_Task requirements_
With the pictures removed, write out the data below exactly.

_Dataset section_
•••••

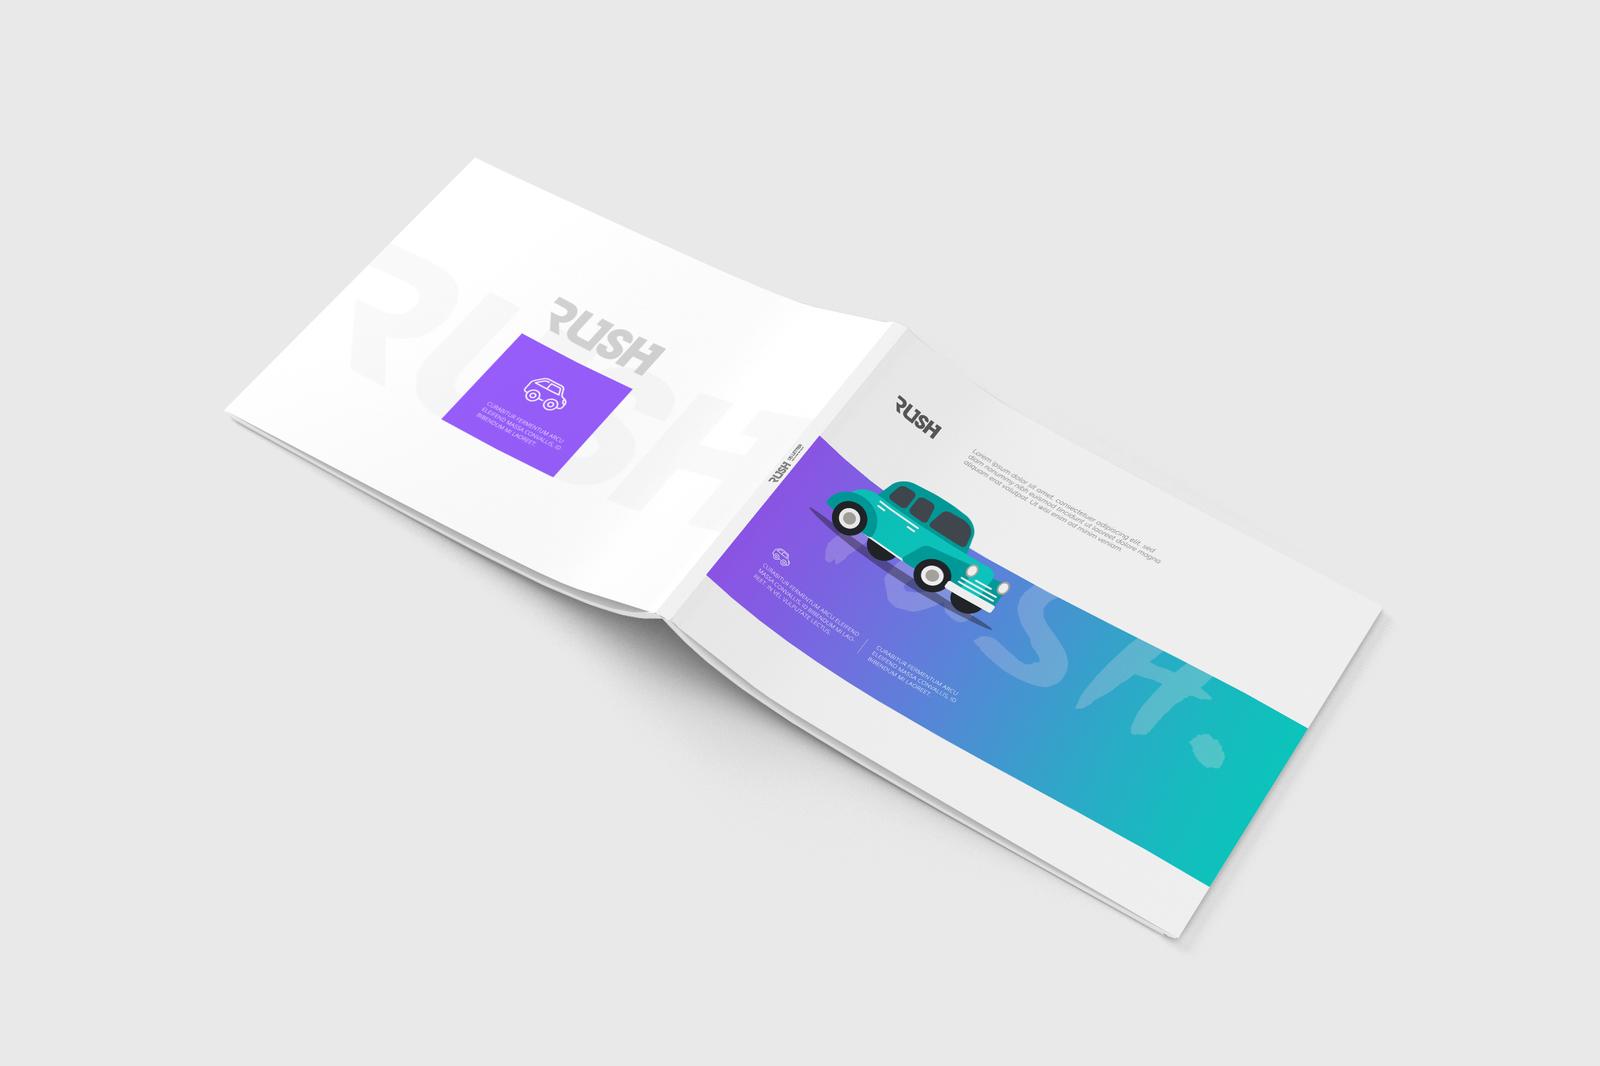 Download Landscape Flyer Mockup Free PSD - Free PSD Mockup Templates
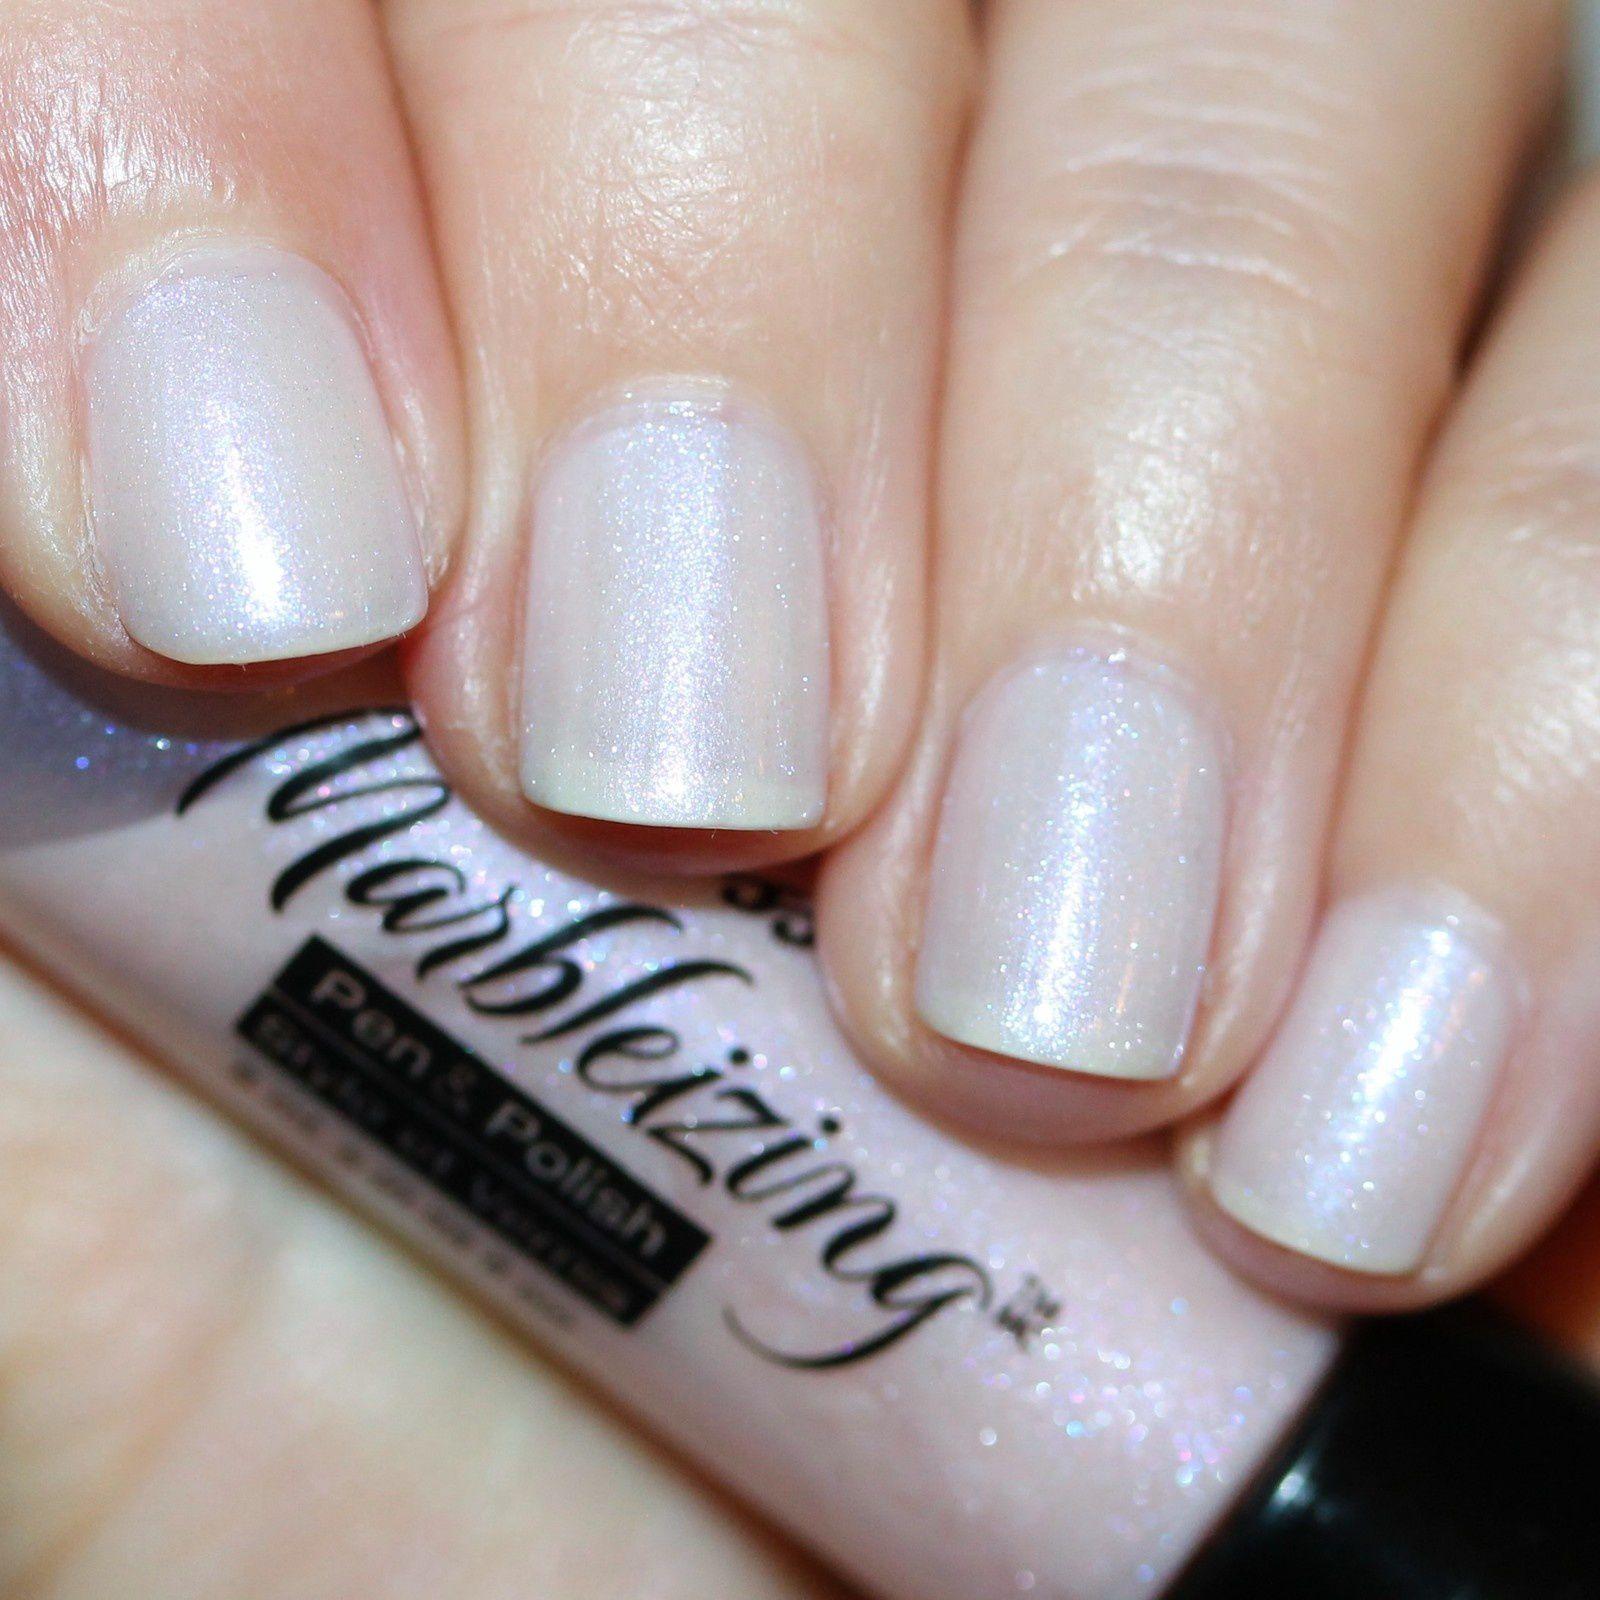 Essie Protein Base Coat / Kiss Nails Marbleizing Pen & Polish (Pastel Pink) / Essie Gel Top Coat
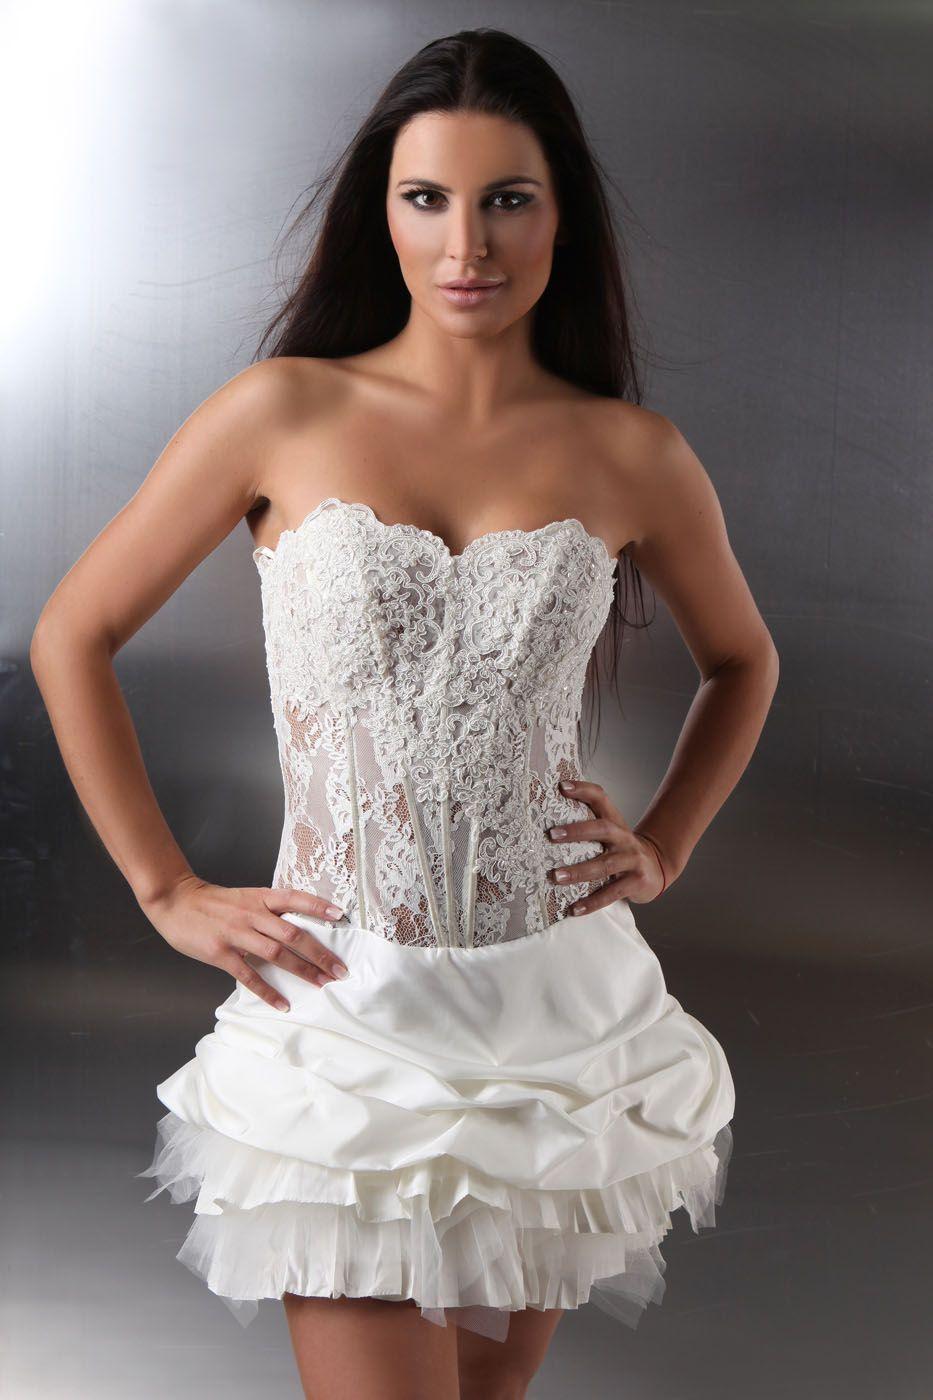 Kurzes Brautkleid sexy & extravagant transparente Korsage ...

•••••

_Result of the exercise_
 Download Landscape Flyer Mockup Free PSD - Free PSD Mockup Templates
 Essie Protein Base Coat / Kiss Nails Marbleizing Pen & Polish (Pastel Pink) / Essie Gel Top Coat
 Kurzes Brautkleid sexy & extravagant transparente Korsage ...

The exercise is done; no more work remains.